USA lambasted as second worst performing jurisdiction in the world for shell company abuses


For many years, but particularly since the global economic crisis began, the overwhelming consensus of G20 and a plethora of NGOs has been that tax havens provide strict secrecy and lax regulation, and as such are responsible for many of the world’s ills, from tax evasion to terrorist financing.

The offshore centres are easy targets for this sort of negative propaganda, not least because, for the most part, they are not represented on the bodies which make the accusations and lack the resources to defend themselves effectively.  It’s very tempting for politicians in the OECD and the G20 to point the finger of blame anywhere but at themselves, and they do so frequently and vociferously. 

The offshore centres have been protesting about the unfair characterisation of the businesses they conduct for years, claiming that they operate to stringent international standards, but few people want to listen or believe – after all, they would say that, wouldn’t they?

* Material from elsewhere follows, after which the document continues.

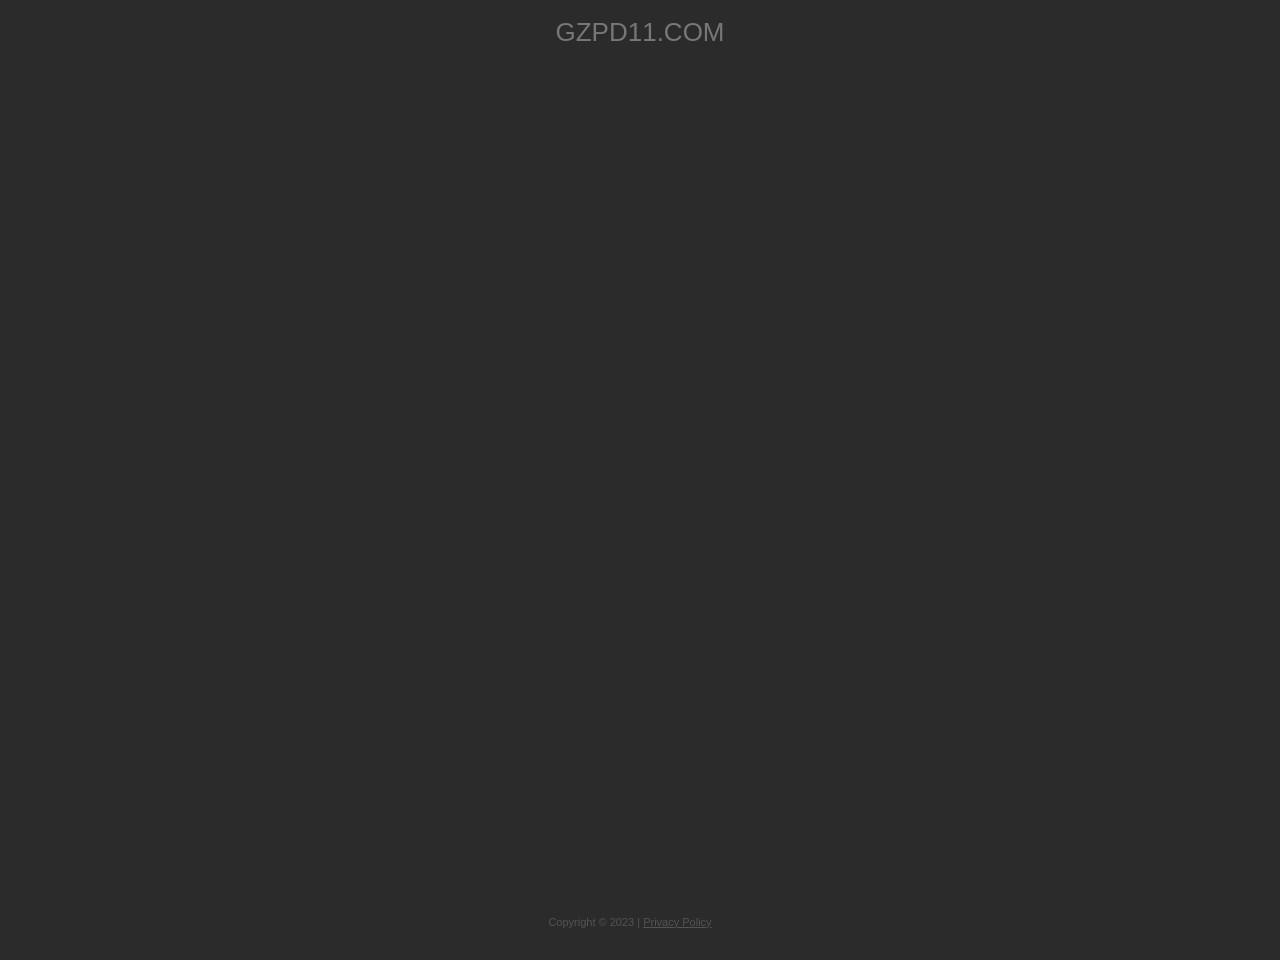 广州蒲典网

 It is always interesting, therefore, to hear some genuinely objective research on what the reality of the situation is.  Back in May, I referred to some research being done at Griffith University into the subject which seemed to show that the accepted consensus of the developed countries is very wrong, but now we are able to dig in to the detail of the findings.  The University has published a report, authored jointly by 3 academics from the US and Australia, which outlines the results of a huge experiment into the degree to which Corporate Service Providers adhere to international rules.  A research team impersonated a variety of low- and high-risk customers, including would-be money launderers, corrupt officials, and terrorist financiers, requesting the incorporation of a shell company, in order to see whether KYC procedures were properly followed, and whether businesses were prepared to assist where there were clear indicators of illegal activity.

The survey was a large one - more than 7,400 email solicitations were sent to more than 3,700 Corporate Service Providers in 182 countries. As such, the authors claim that the review provides the most complete and robust test of the effectiveness of international rules banning untraceable, anonymous shell companies.

The report is detailed and merits being read in full, but one of the most striking key findings is that fact that, against the conventional policy wisdom, those selling shell companies from tax havens were significantly more likely to comply with the rules than providers in OECD countries. Providers in poorer, developing countries were also more compliant with global standards than those in rich, developed nations.

The USA – one of the leading crusaders against the offshore centres – performed particularly abysmally.  In fact, only one country in the world performed worse than it (Kenya).  Across the USA as a whole, roughly 1 in 11 Corporate Service Providers was prepared to ignore the rules (compared to 1 in 25 in tax havens), but when you take out Corporate Service Providers associated with law firms, then a shocking 1 in 3 of them will do so. That means it is easier to set up anonymous shell companies from which to conduct illegal business in the USA than it is in Liechtenstein, Columbia, China, Romania, or any of the world’s key offshore centres.  And it isn’t just the USA which has cause to hang its head in shame - the United Kingdom, Australia and Canada all also ranked near the bottom of the list.

There were 8 jurisdictions which performed markedly better than all the rest – these included Jersey, Cayman, the Bahamas and the Seychelles – a list which will doubtless come as something of a shock to many who have spent years listening to the anti-tax-haven rhetoric.

The research clearly shows that it is more than three times harder to obtain an untraceable shell company in tax havens than in developed countries. Whilst the report shows that there is room for improvement in every country they tested in the research, if the developed world is really serious about clamping down on illegal activity such as terrorism and corruption it needs to stop diverting attention to the offshore centres and start looking closer to home.  After all, there are over 900,000 companies registered in Delaware (a State with a population of 897,000), roughly ten times the number of companies incorporated in the Cayman Islands.  Extrapolating the statistics from the Griffith report, this indicates that 99,000 companies in Delaware are likely to have been taken on without meeting information standards, compared to around 3,000 in the Cayman Islands.  It is time for politicians in the developed nations to face up to the huge shortfalls in their own territories, and stop pointing the finger of blame offshore and on developing nations.